Given material:
+ + +

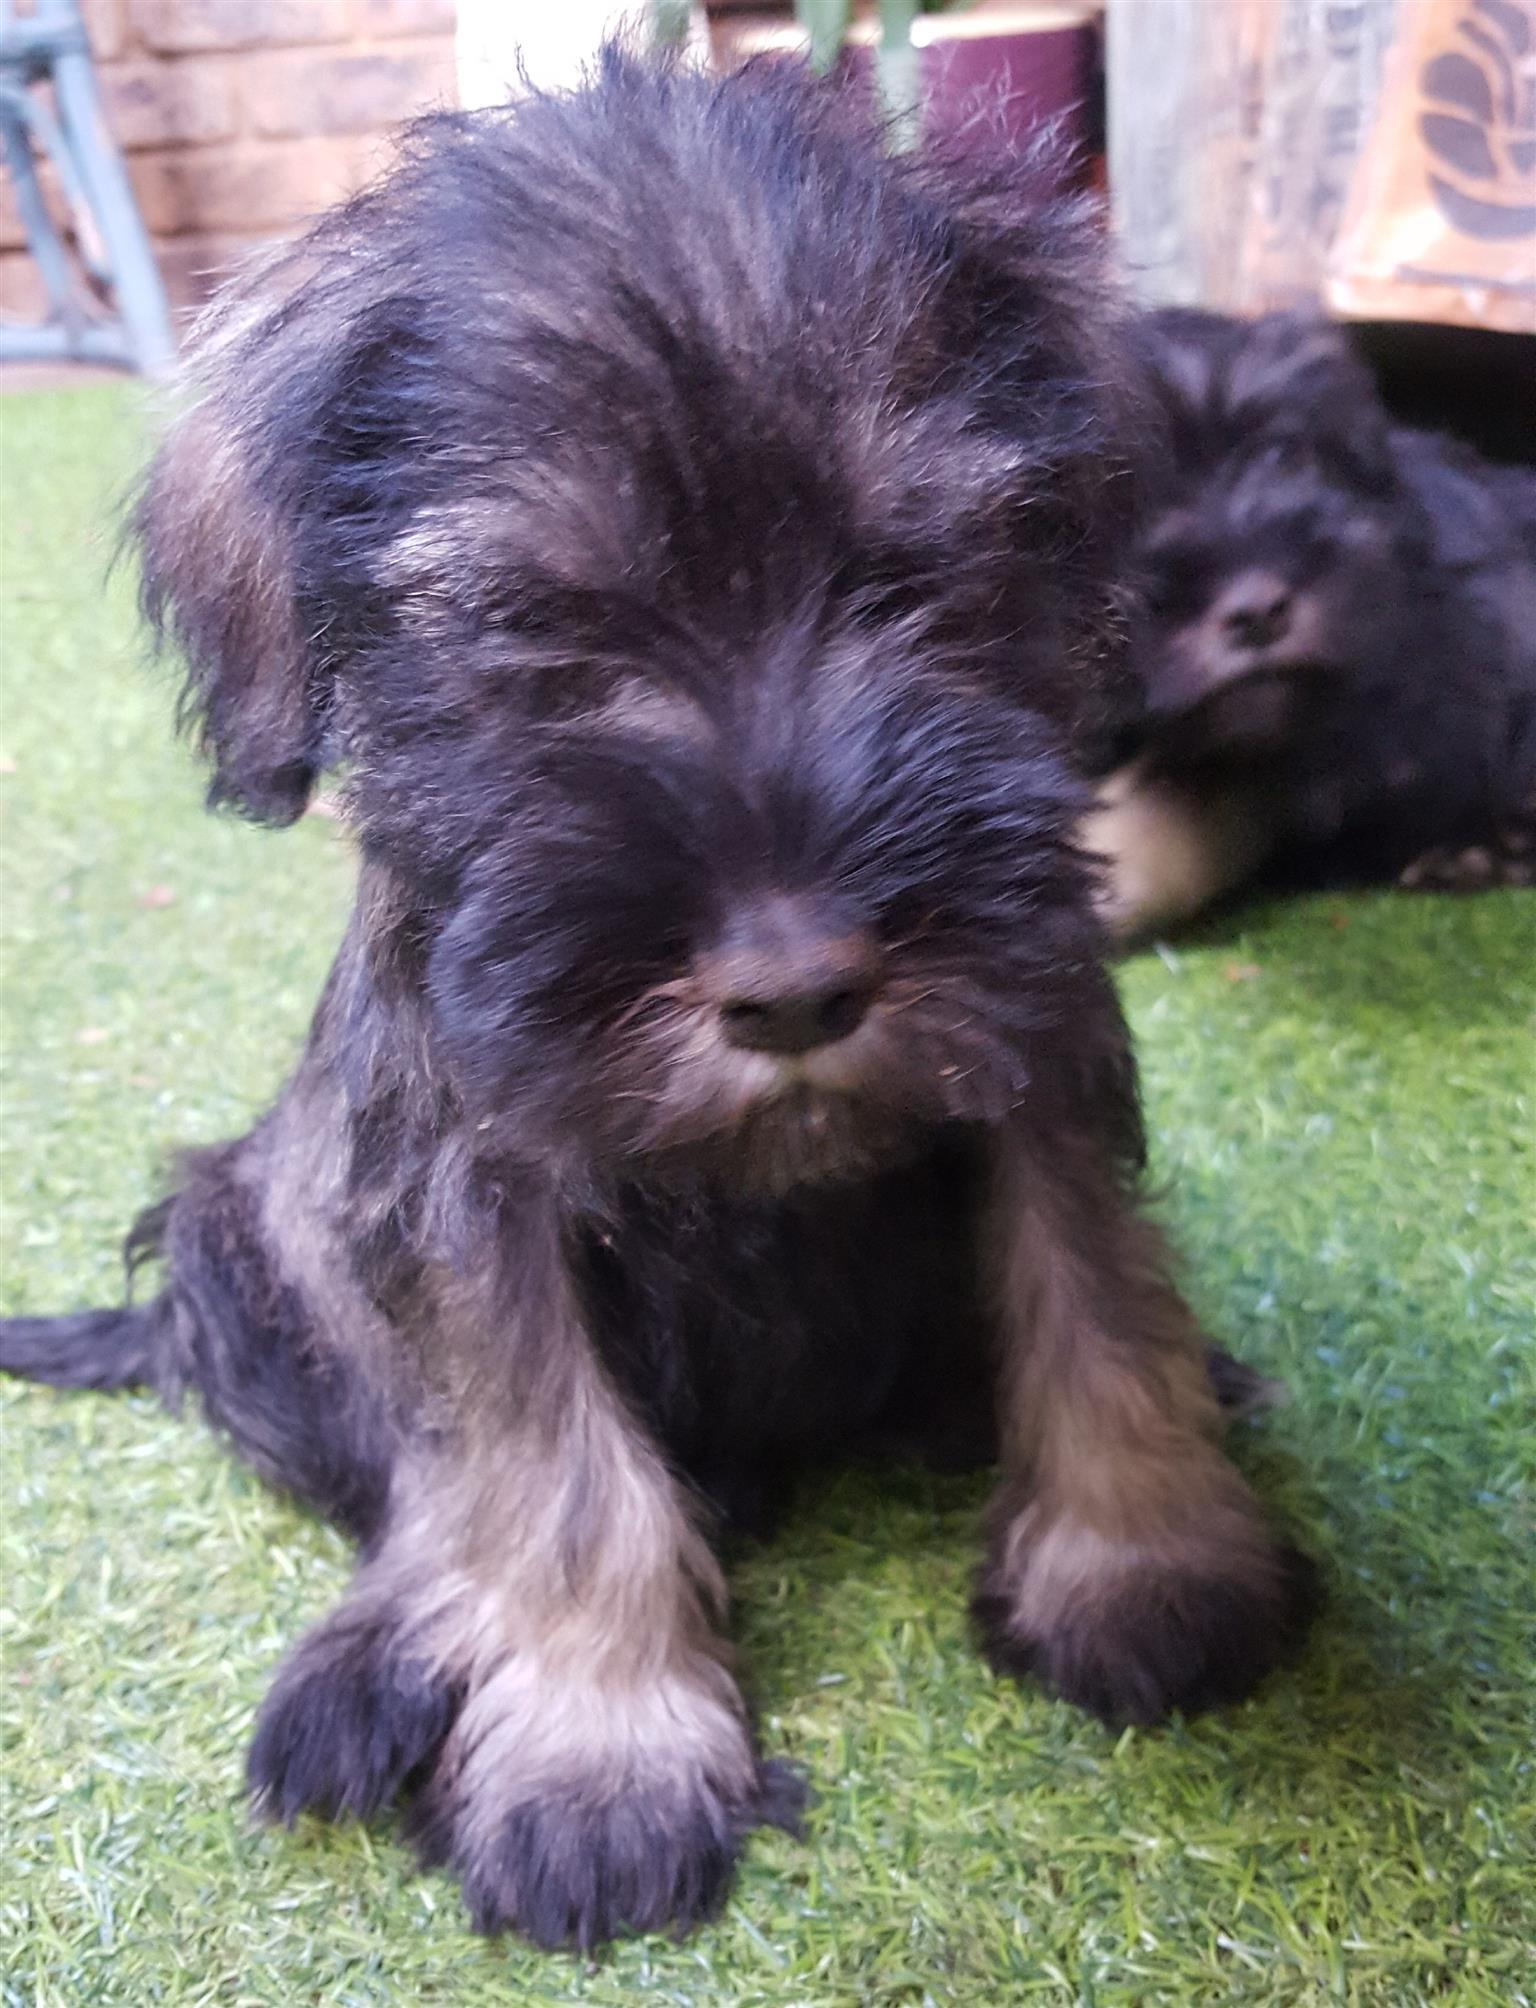 Adorable Miniature Schnauzer Puppies For Sale
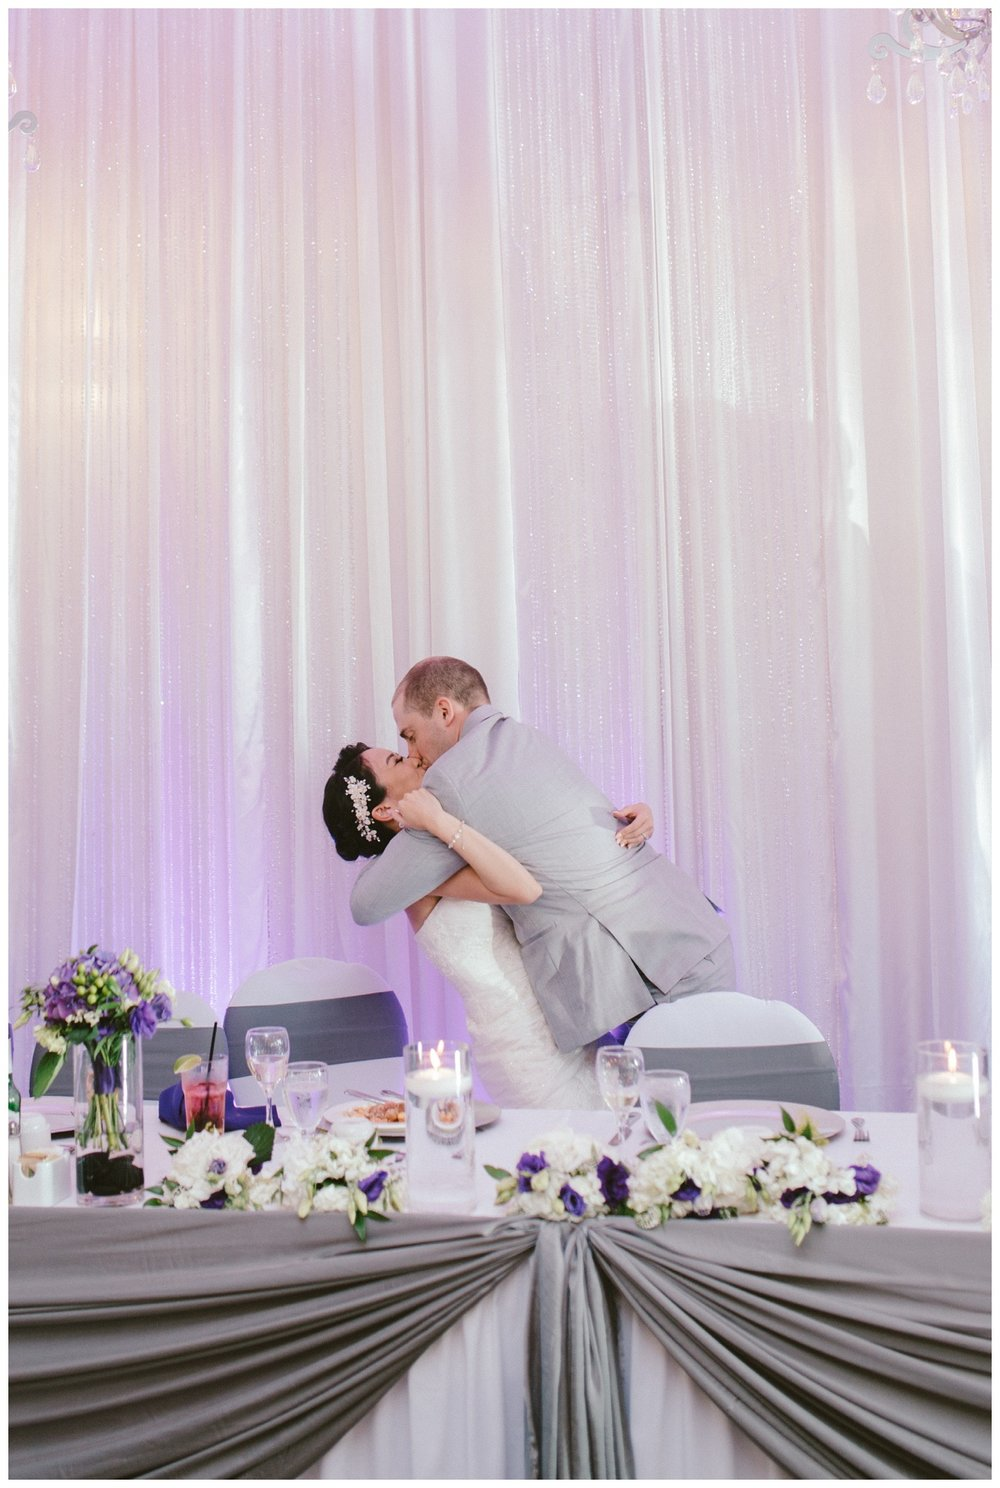 Mattie C. Fine Art Wedding Prewedding Photography Vancouver and Hong Kong 118.jpg
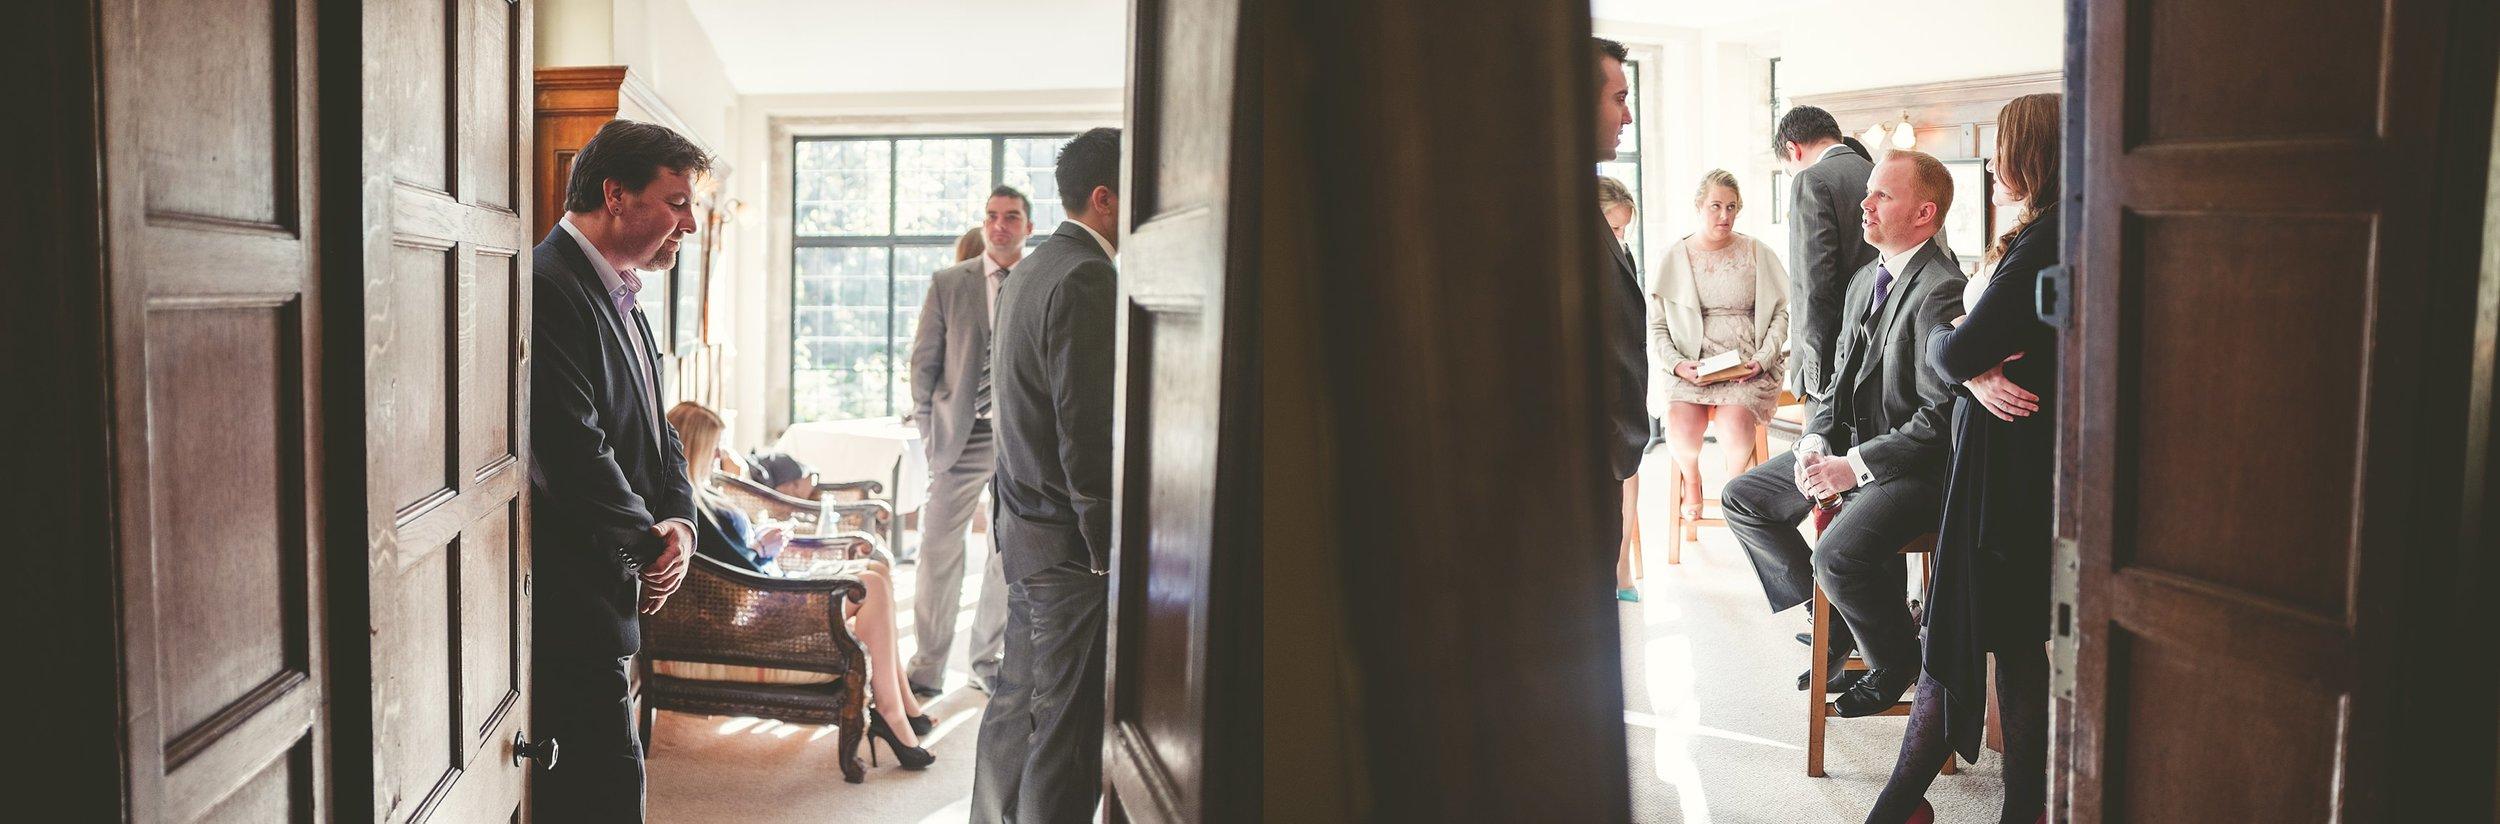 priory bay wedding_0026.jpg

+ + +

What is being asked: When you retype the listing above, keep each line exactly as written and drop the pictures.

Task solution:
 Adorable Miniature Schnauzer Puppies For Sale
 Mattie C. Fine Art Wedding Prewedding Photography Vancouver and Hong Kong 118.jpg
 priory bay wedding_0026.jpg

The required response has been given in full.